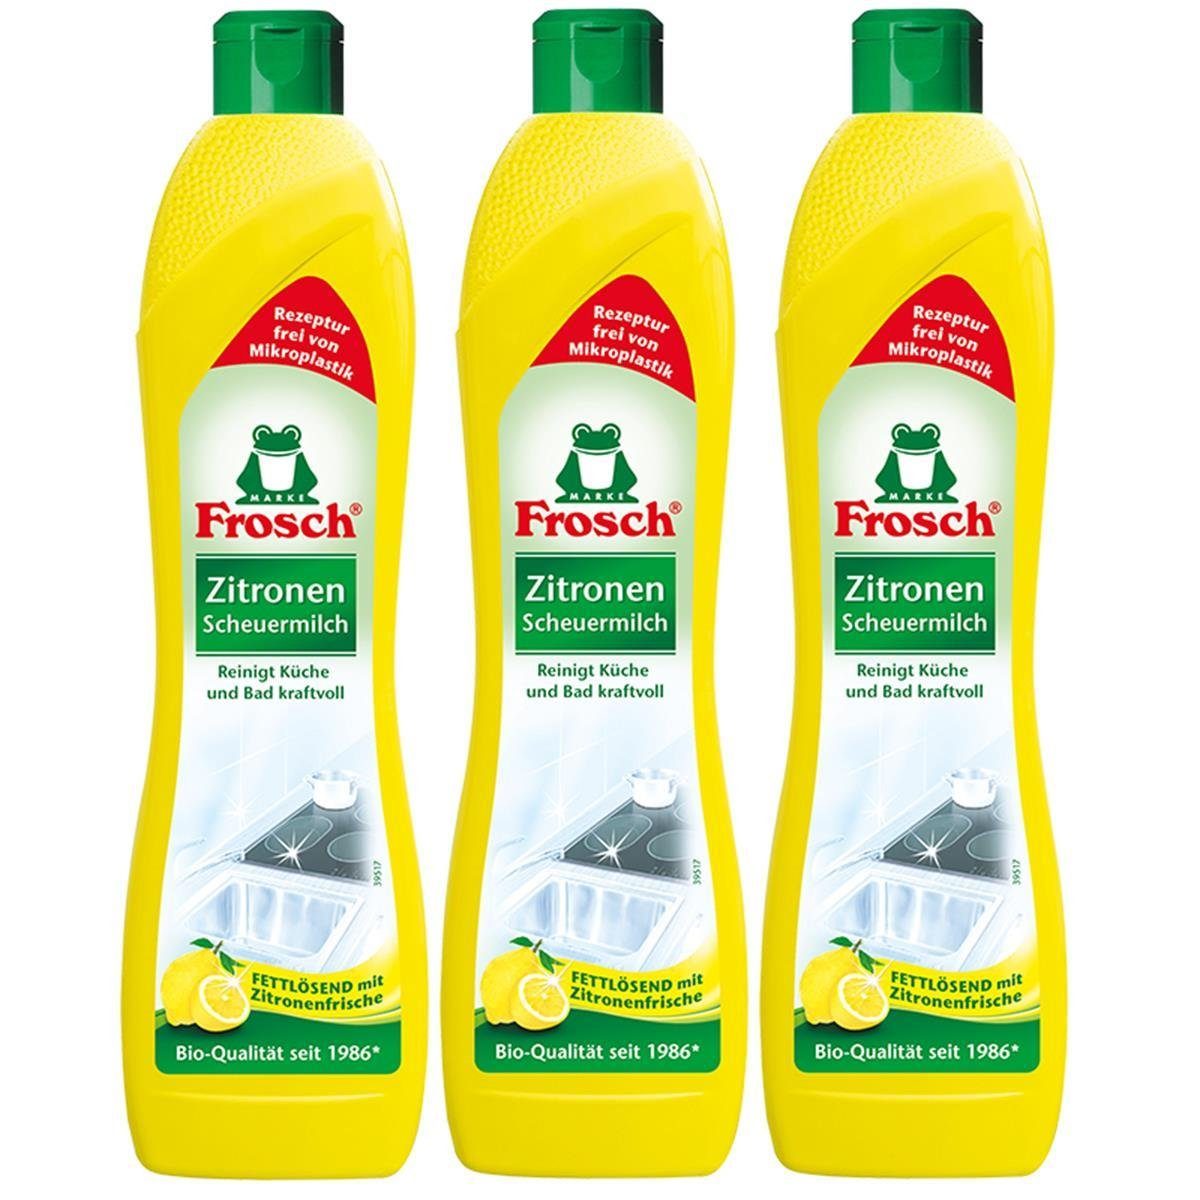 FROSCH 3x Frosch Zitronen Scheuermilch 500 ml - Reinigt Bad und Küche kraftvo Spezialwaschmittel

===

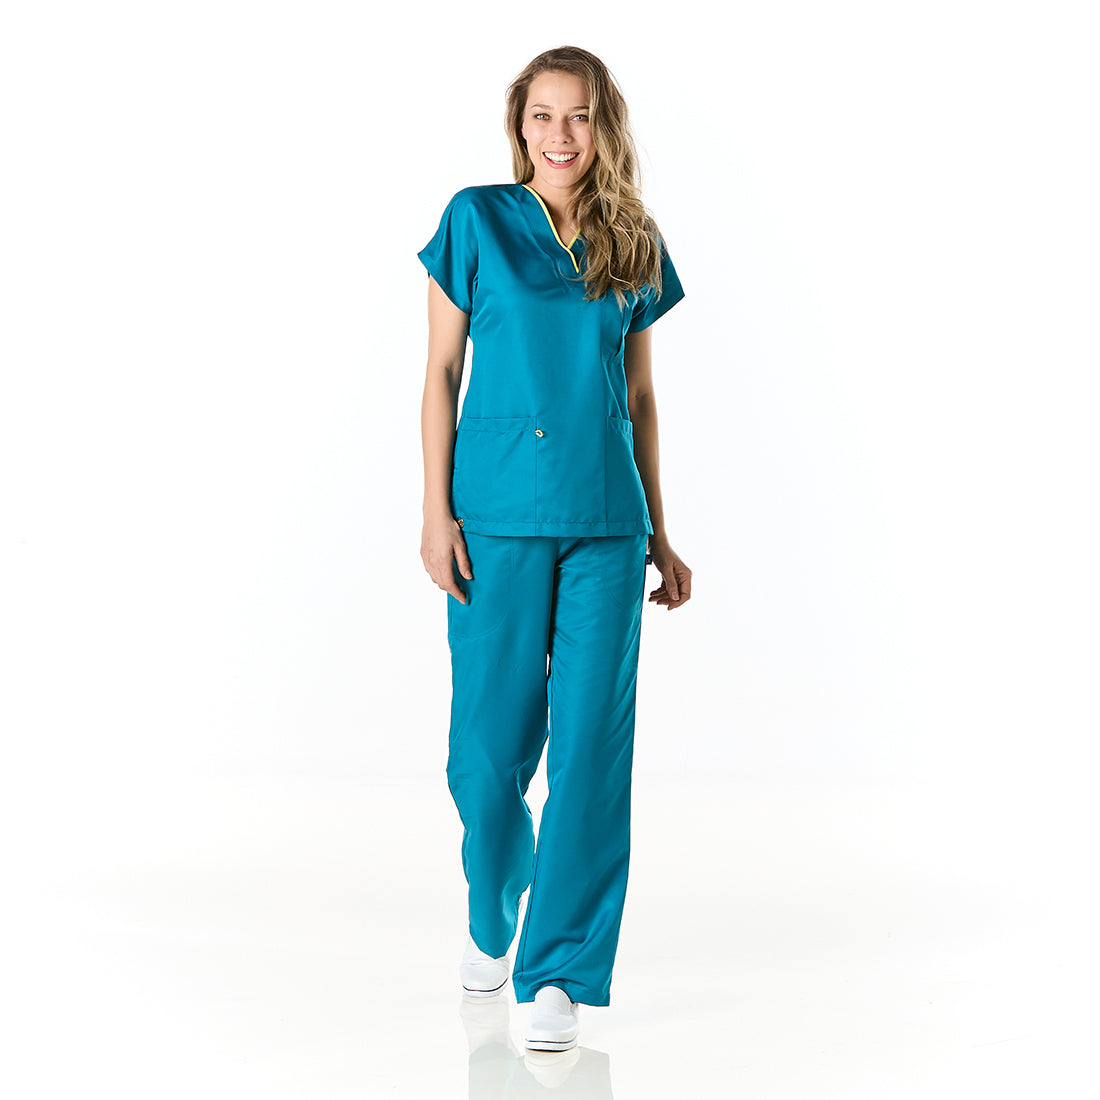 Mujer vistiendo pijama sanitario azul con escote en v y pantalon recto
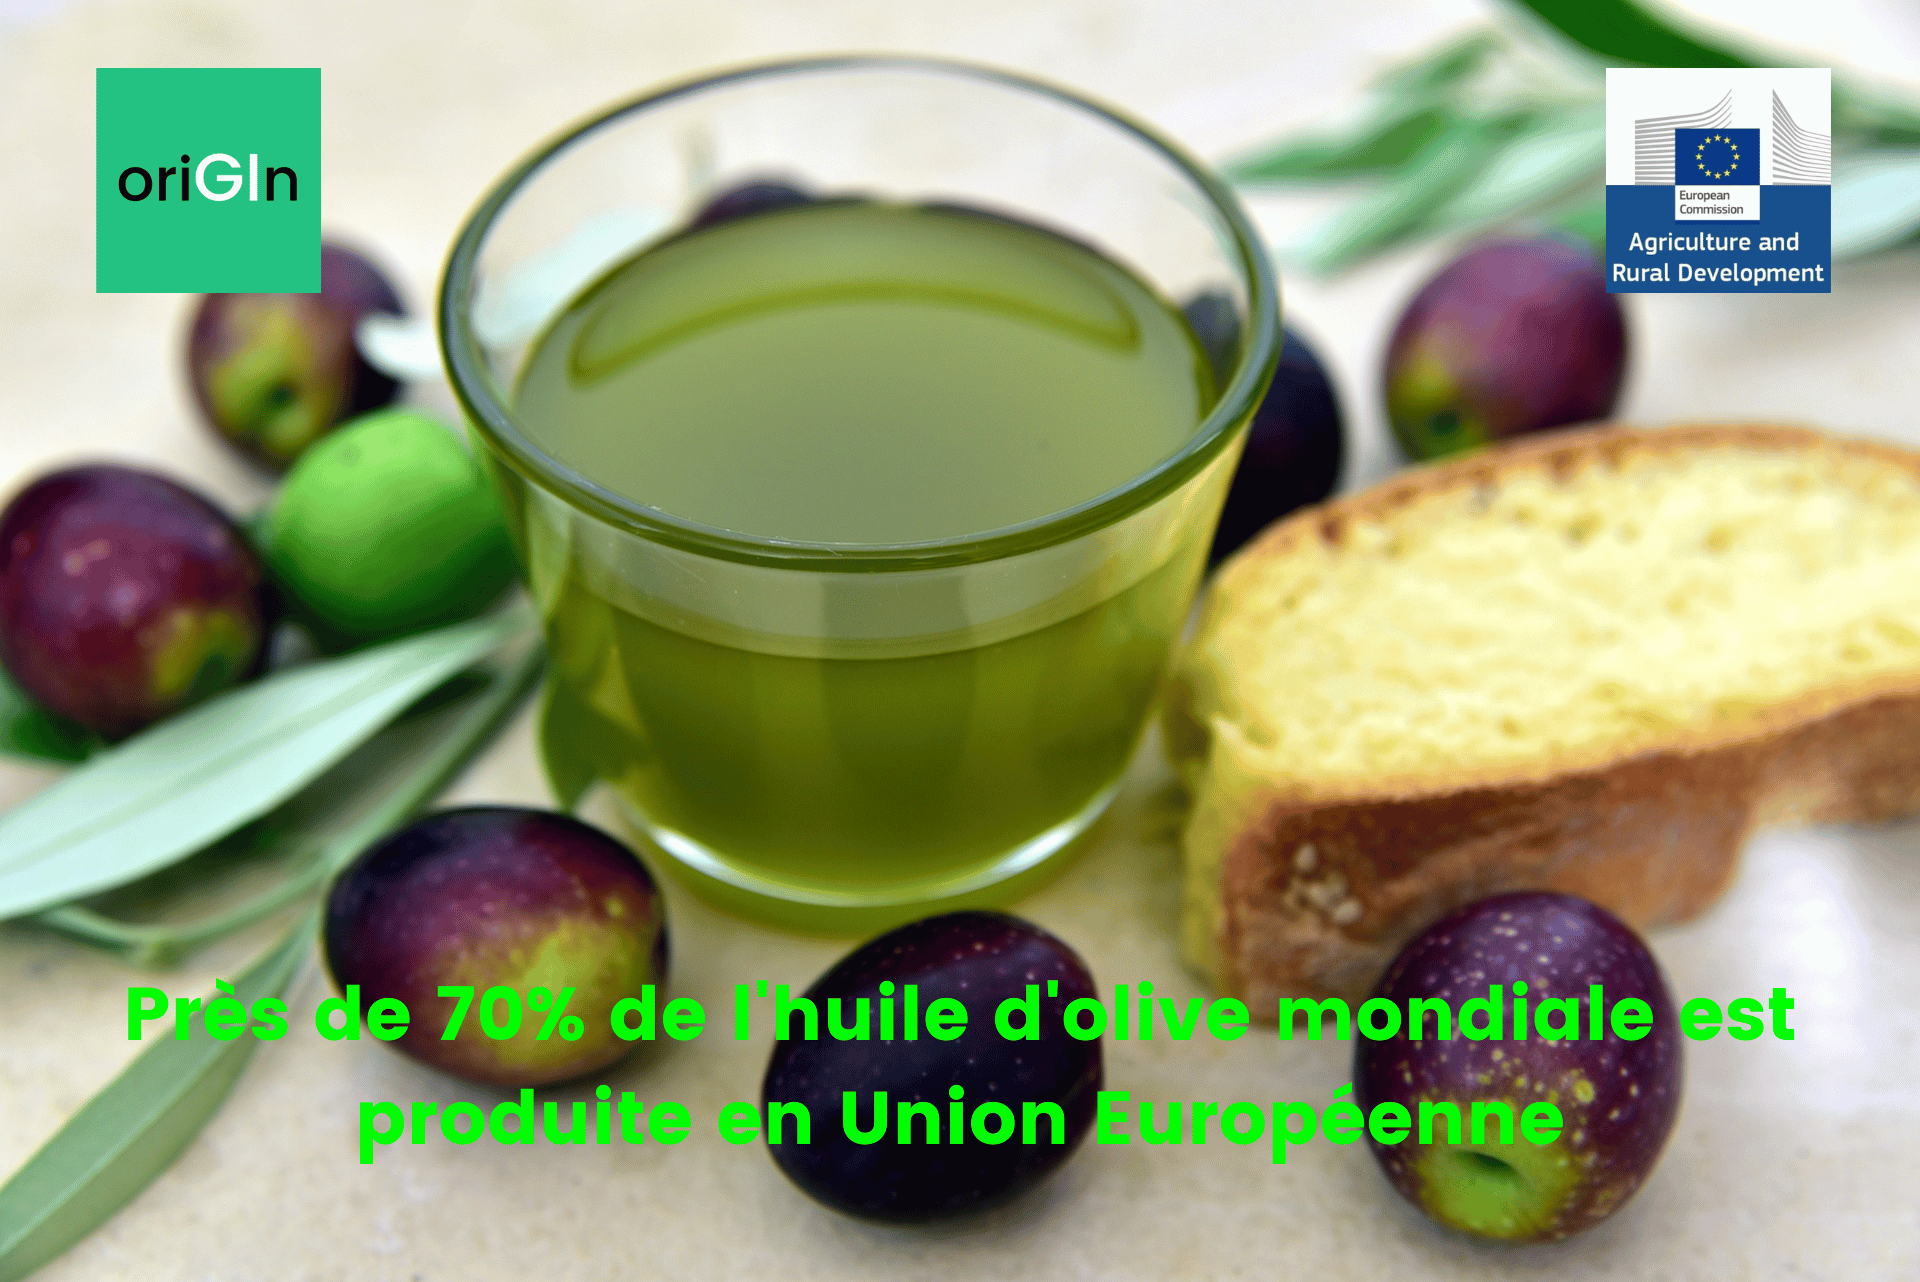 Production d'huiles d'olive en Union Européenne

===

__PROBLEM TO SOLVE__. Only the lines above from the one containing "Mujer vistiendo pijama" through the one containing "Production d'huiles d'olive" should be returned, verbatim and inclusive, with pictures excluded.

__COMPLETED EXERCISE__.
 Mujer vistiendo pijama sanitario azul con escote en v y pantalon recto
 Production d'huiles d'olive en Union Européenne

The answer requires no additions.